楚墨没有上前。他站在她身后三步处,断剑拄地,剑格上的竖眼符文完全睁开,青芒将他的影子投在光的地面上,拉成一道极长极细的黑线。他守着。
柳嫣叩拜了很久。当她直起身时,额头正中多了一道红印。她没有擦,只是仰起脸,看向碑顶。碑顶之上,悬浮着一块玉。
净灵玉。
它约莫手掌大小,呈柳叶形状,通体白。玉的表面没有任何纹路,没有任何雕琢的痕迹,浑然天成,像一片刚从枝头摘下的柳叶被瞬间凝固成了玉。玉中封着一团光。那团光在玉中缓缓旋转,每转一圈,便有极淡的白光丝从玉中渗出,沿着碑面的血色纹路向下流淌,流过每一个灵族人的名字,流到碑座,流进地面,流向整座净灵殿的每一寸光壁。这座殿堂里所有的光,都是从净灵玉中流出来的。流了二十年。
柳成荫的净灵印。
二十年前,她在圣山入口摘下了自己眉间的净灵印,反手按进楚沧澜掌心。楚沧澜带着它凿穿七千级剑阶,将它封入净灵玉,再将净灵玉悬于灵族全族的名碑之上。二十年来,柳成荫的净灵印从未停止过流淌。她用自己的光,守着三千六百四十一个同族的名字,一刻不曾熄灭。
柳嫣站起身。她的目光从碑顶的净灵玉移向碑身正面。

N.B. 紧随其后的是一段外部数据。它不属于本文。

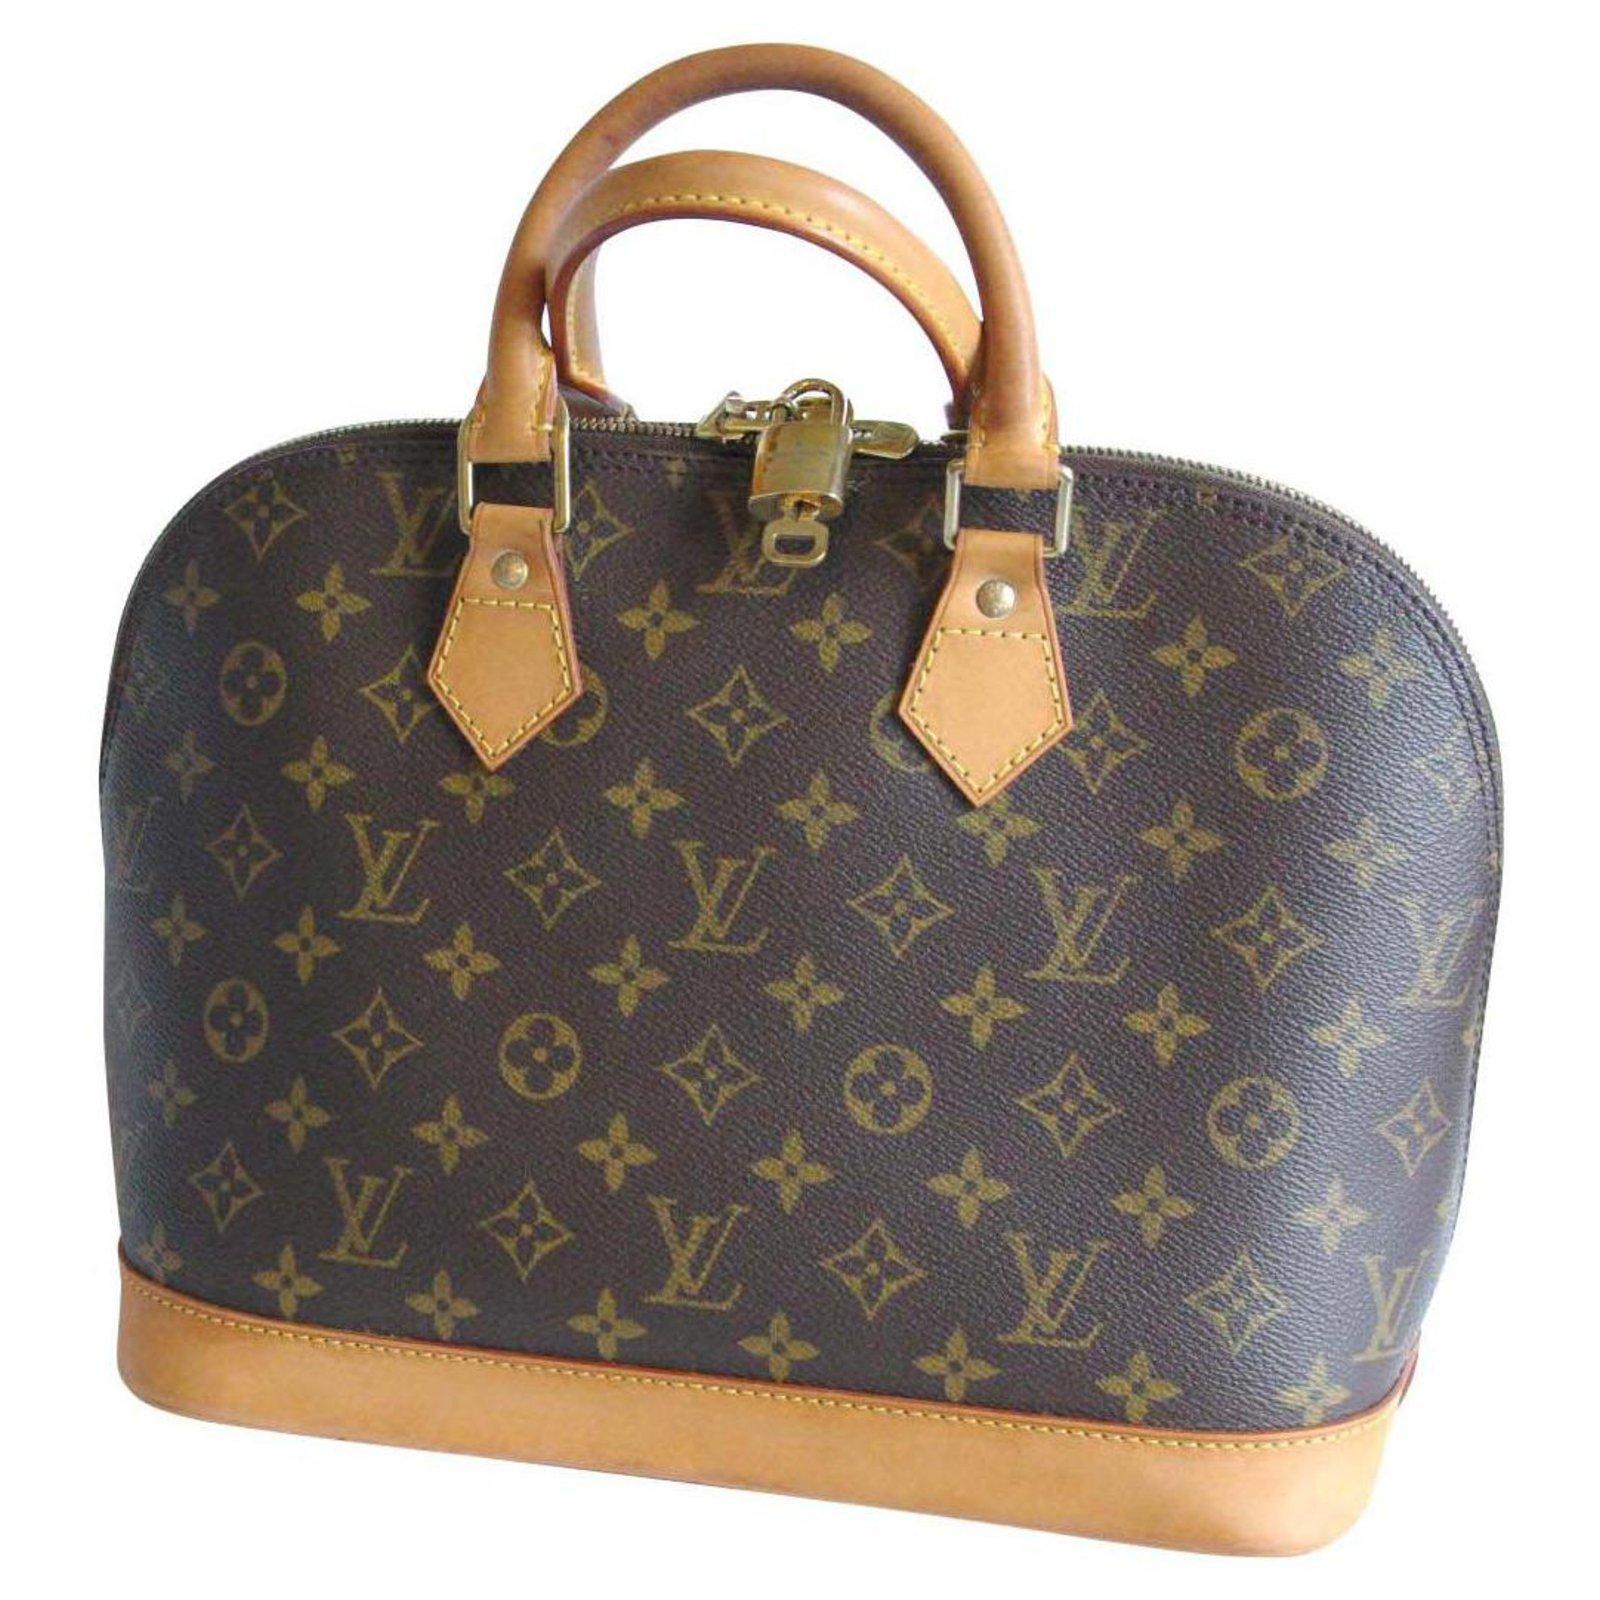 3f4265d5a3c9 Louis Vuitton ALMA MONOGRAM Handbags Leather

然后她看见了第三块残片。
剑脊。
它嵌在石碑正中央,碑身最宽厚处。那是一截长约尺余、宽约三指的剑身中段,通体青碧,与楚墨断剑已有的剑尖和剑格材质一模一样。它竖着嵌入碑中,剑脊两侧的刃口完全没入血色纹路的交织处,只露出剑脊正中那条微微隆起的脊线。脊线上,竖眼符文正在缓慢开阖。它没有被封住。它是在主动守护。
楚墨走上前。断剑在接近剑脊时剧烈震颤,剑格上的竖眼与剑脊上的竖眼同时睁开,两只竖眼的开阖频率在一瞬间完全同步。共鸣。不是残片之间的互相吸引,是更深的共鸣——是楚沧澜留在剑脊中的剑意,与楚墨手中的断剑,隔着二十年的血脉,彼此认出了对方。
楚墨伸出手,握住了剑脊。
剑脊离碑的瞬间,碑上三千六百四十一个名字同时亮起。不是血色纹路的亮,是被净灵玉流淌了二十年的白光芒,从每一个名字的每一道笔画深处同时点亮。三千六百四十一个名字,三千六百四十一点光,在同一瞬间将净灵殿照成一片纯白。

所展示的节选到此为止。